**DATA FOR THIS TASK**.
"""

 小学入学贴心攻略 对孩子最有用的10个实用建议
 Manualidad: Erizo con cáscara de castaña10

"""
"""

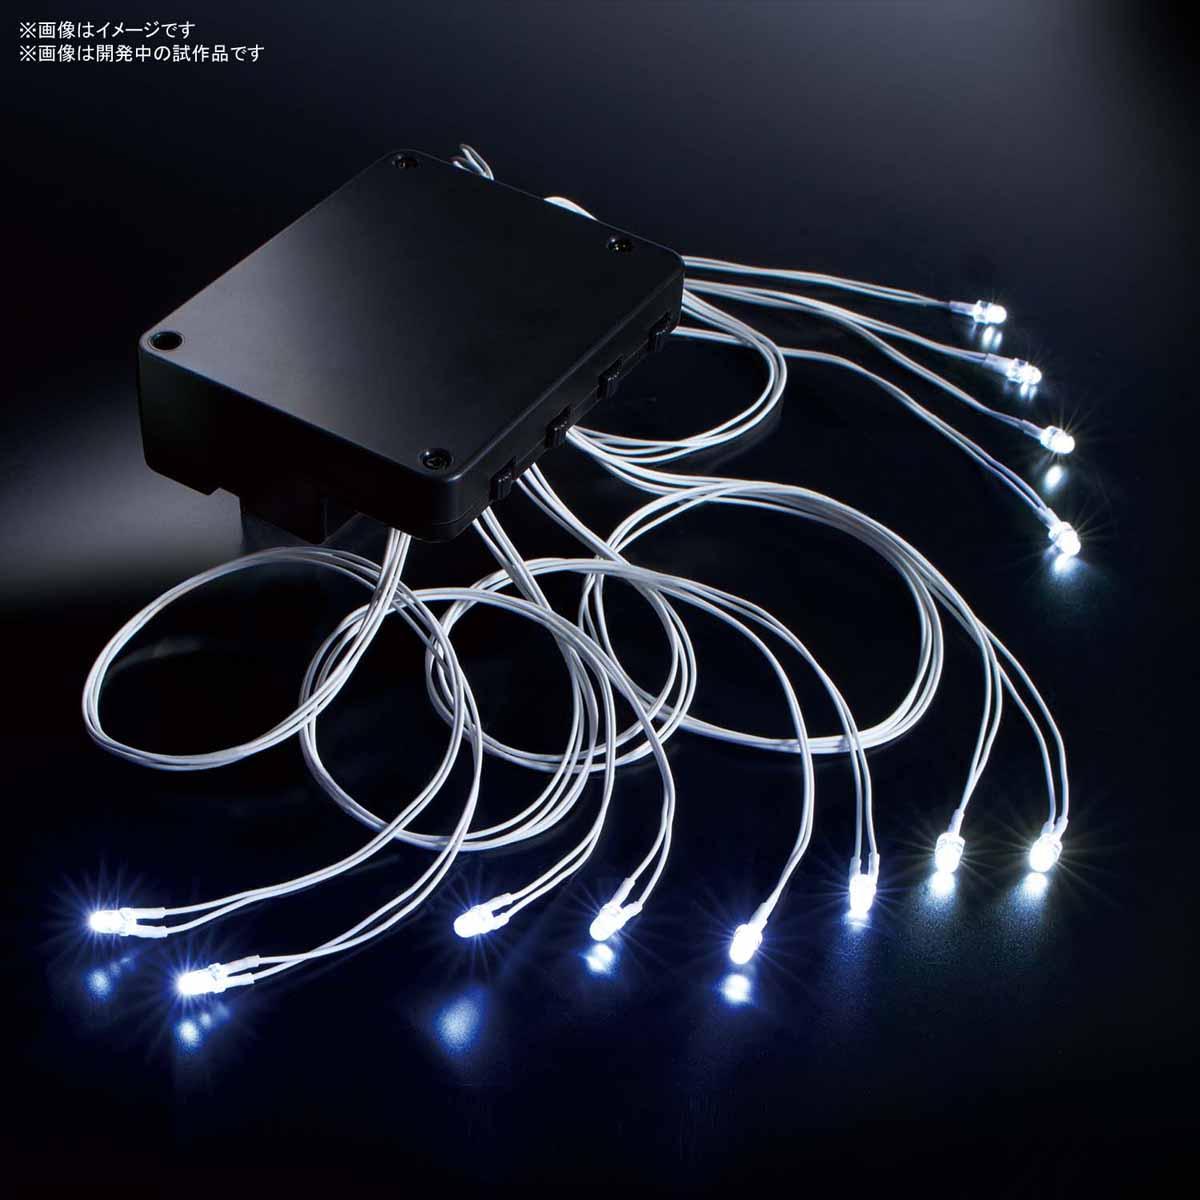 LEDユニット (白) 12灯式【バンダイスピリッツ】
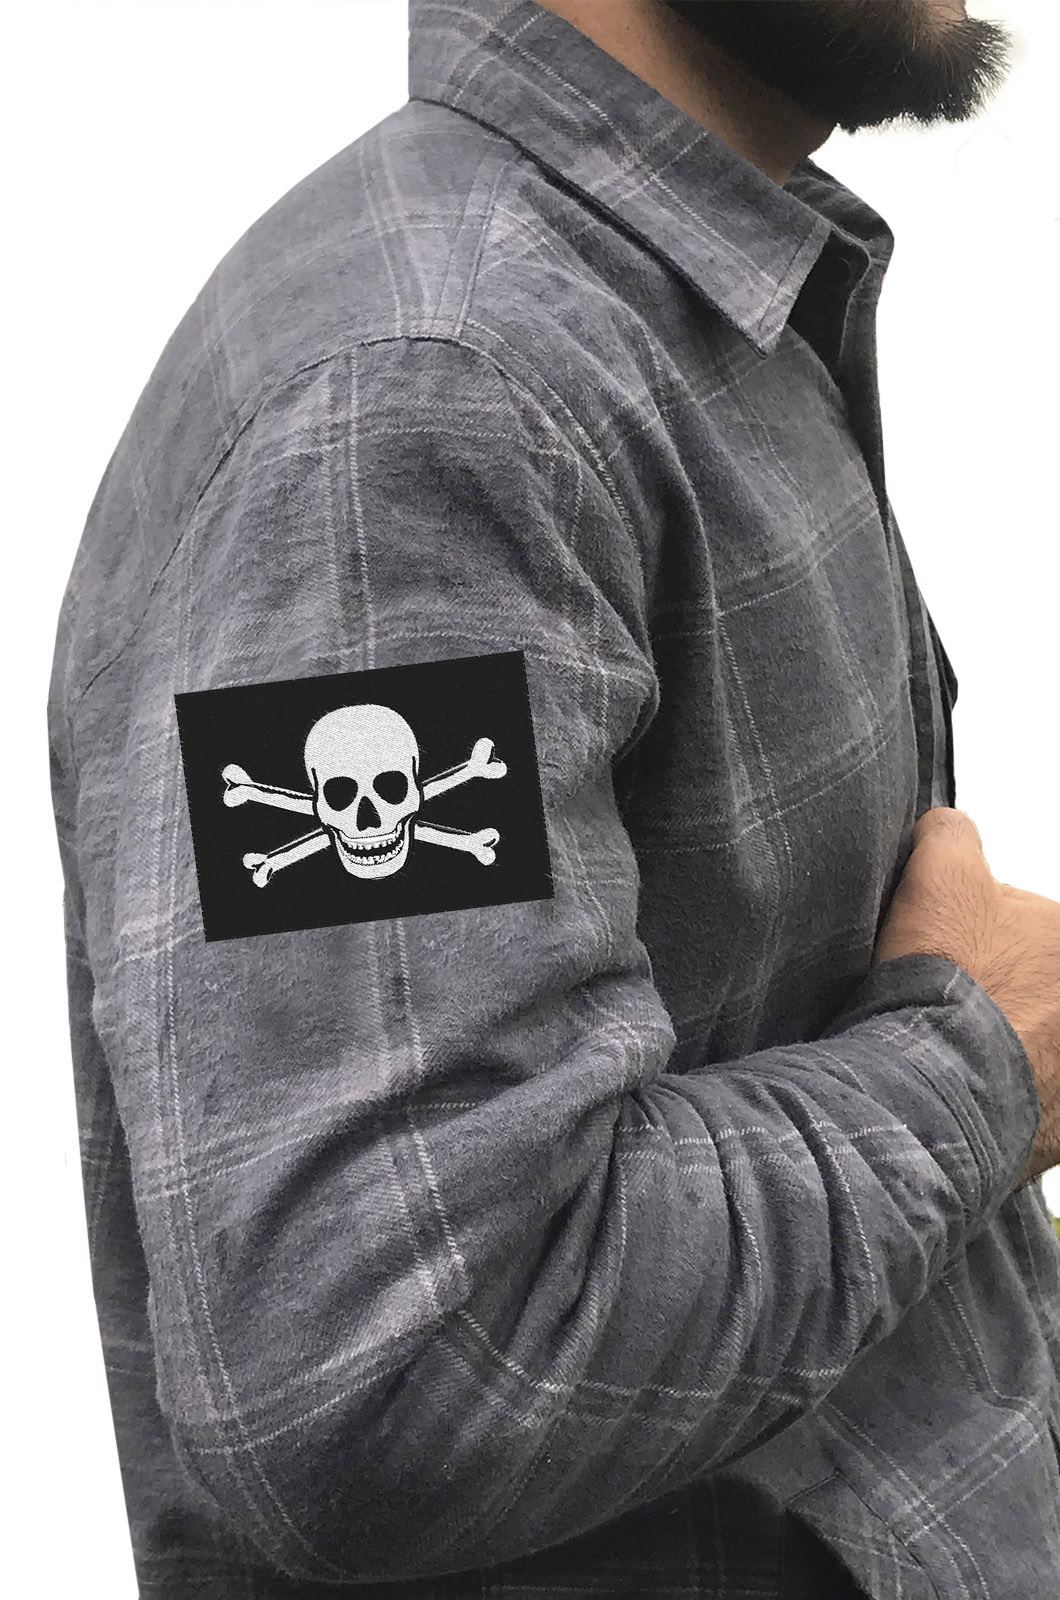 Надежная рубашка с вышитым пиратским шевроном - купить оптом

"""

**PROBLEM REQUIREMENTS**. Nothing should appear in the answer except the lines above from the line with "小学入学贴心攻略 对孩子最有用的10个实用建议" through the line with "Manualidad: Erizo con cáscara de castaña10", both included, written out exactly.

**REPLY**.
 小学入学贴心攻略 对孩子最有用的10个实用建议
 Manualidad: Erizo con cáscara de castaña10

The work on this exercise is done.